There are cheaper ones available


----------



## james4beach (Nov 15, 2012)

Juggernaut92 said:


> People who used to have a drawer full of plastic bags are in grave danger 🤣


I have a collection of these plastic shopping bags and I'm running dangerously low on them (they were banned where I live).

I have found them very useful over the years. I use them for several grocery shopping trips and then they become trash bags for the bathroom. They are also very useful when I travel, and I always keep a couple of those plastic shopping bags in my luggage since you can put dirty laundry in them, or wrap wet footwear, use as a garbage bag on the go, etc.

Once plastic bags were banned in the city I was living in at the time, I started buying plastic garbage or "kitchen" sized bags, and that works fine as well.


----------



## nathan79 (Feb 21, 2011)

There isn't a ban here yet, but No Frills is getting rid of bags as soon as they run out of current stock. 

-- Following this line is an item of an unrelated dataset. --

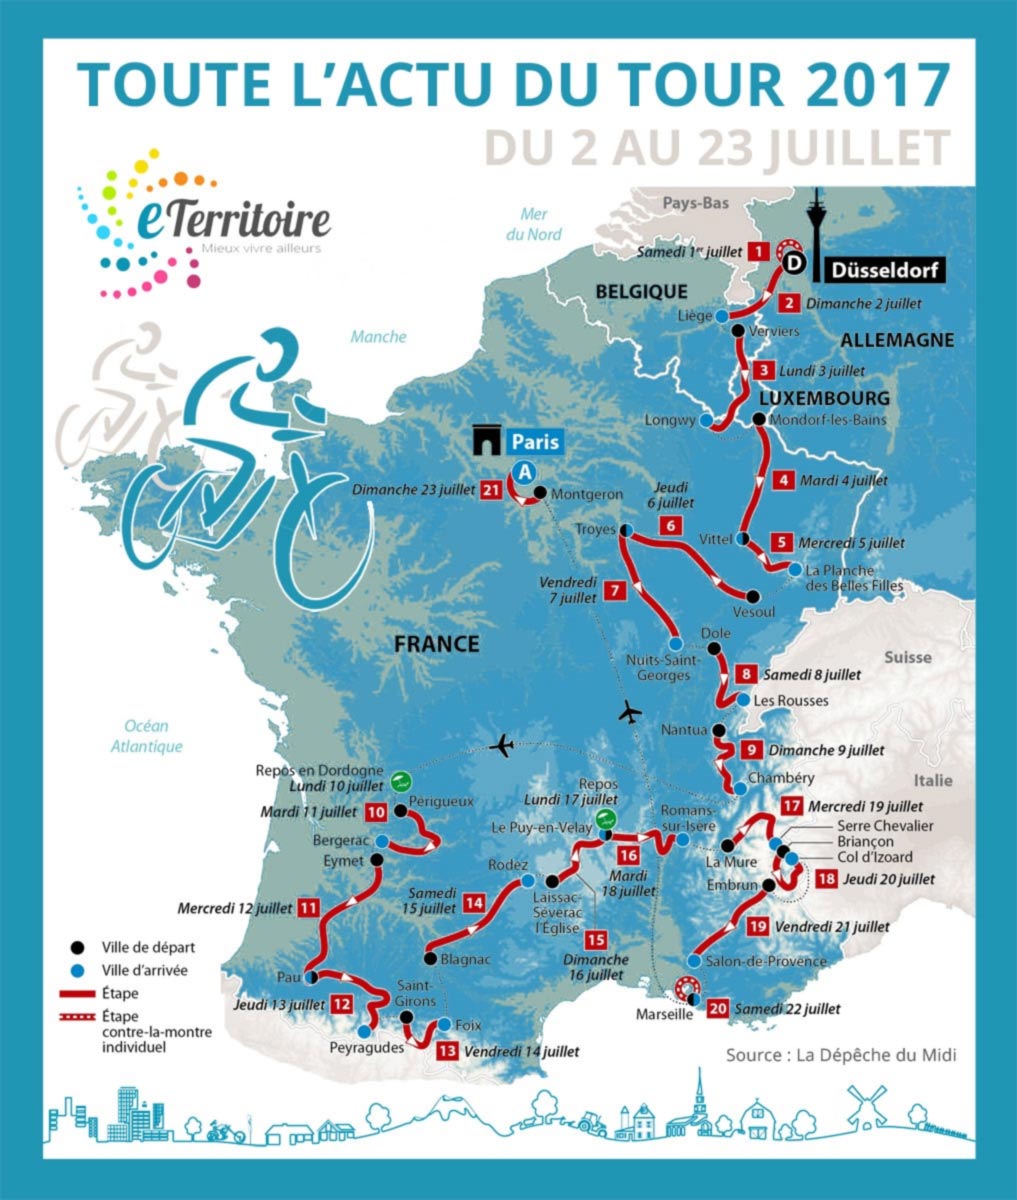 Tour de France 2017 - Espaly-Saint-Marcel - Passage d'étape

I've never bought garbage bags for kitchen, bathroom, etc. I understand some people like the plain white bags for aesthetic reasons, but I never felt like that justified the expense. Yeah, supposedly the purpose-made bags work better (which ironically means they use more plastic) but I've always found the grocery bags were always good enough for my needs.


----------



## like_to_retire (Oct 9, 2016)

nathan79 said:


> Yeah, supposedly the purpose-made bags work better (which ironically means they use more plastic) but I've always found the grocery bags were always good enough for my needs.


Exactly. Pretty much everyone has always used the super thin grocery plastic bags for their garbage, but now they are required to buy expensive, thick plastic bags. Someone forgot to think this through, just like every other environmental emergency, that isn't actually an emergency.

ltr


----------



## Joe Black (Aug 3, 2015)

like_to_retire said:


> Exactly. Pretty much everyone has always used the super thin grocery plastic bags for their garbage, but now they are required to buy expensive, thick plastic bags. Someone forgot to think this through, just like every other environmental emergency, that isn't actually an emergency.
> 
> ltr


No, you don't have to buy "expensive, thick" plastic bags, like anything else there's a huge variety of qualities and sizes. Buying bags is still better than collecting way more grocery bags than you could ever use, I used to keep those grocery bags but I used maybe 1 in 3, and eventually I always had to throw out the big ball of extras.


----------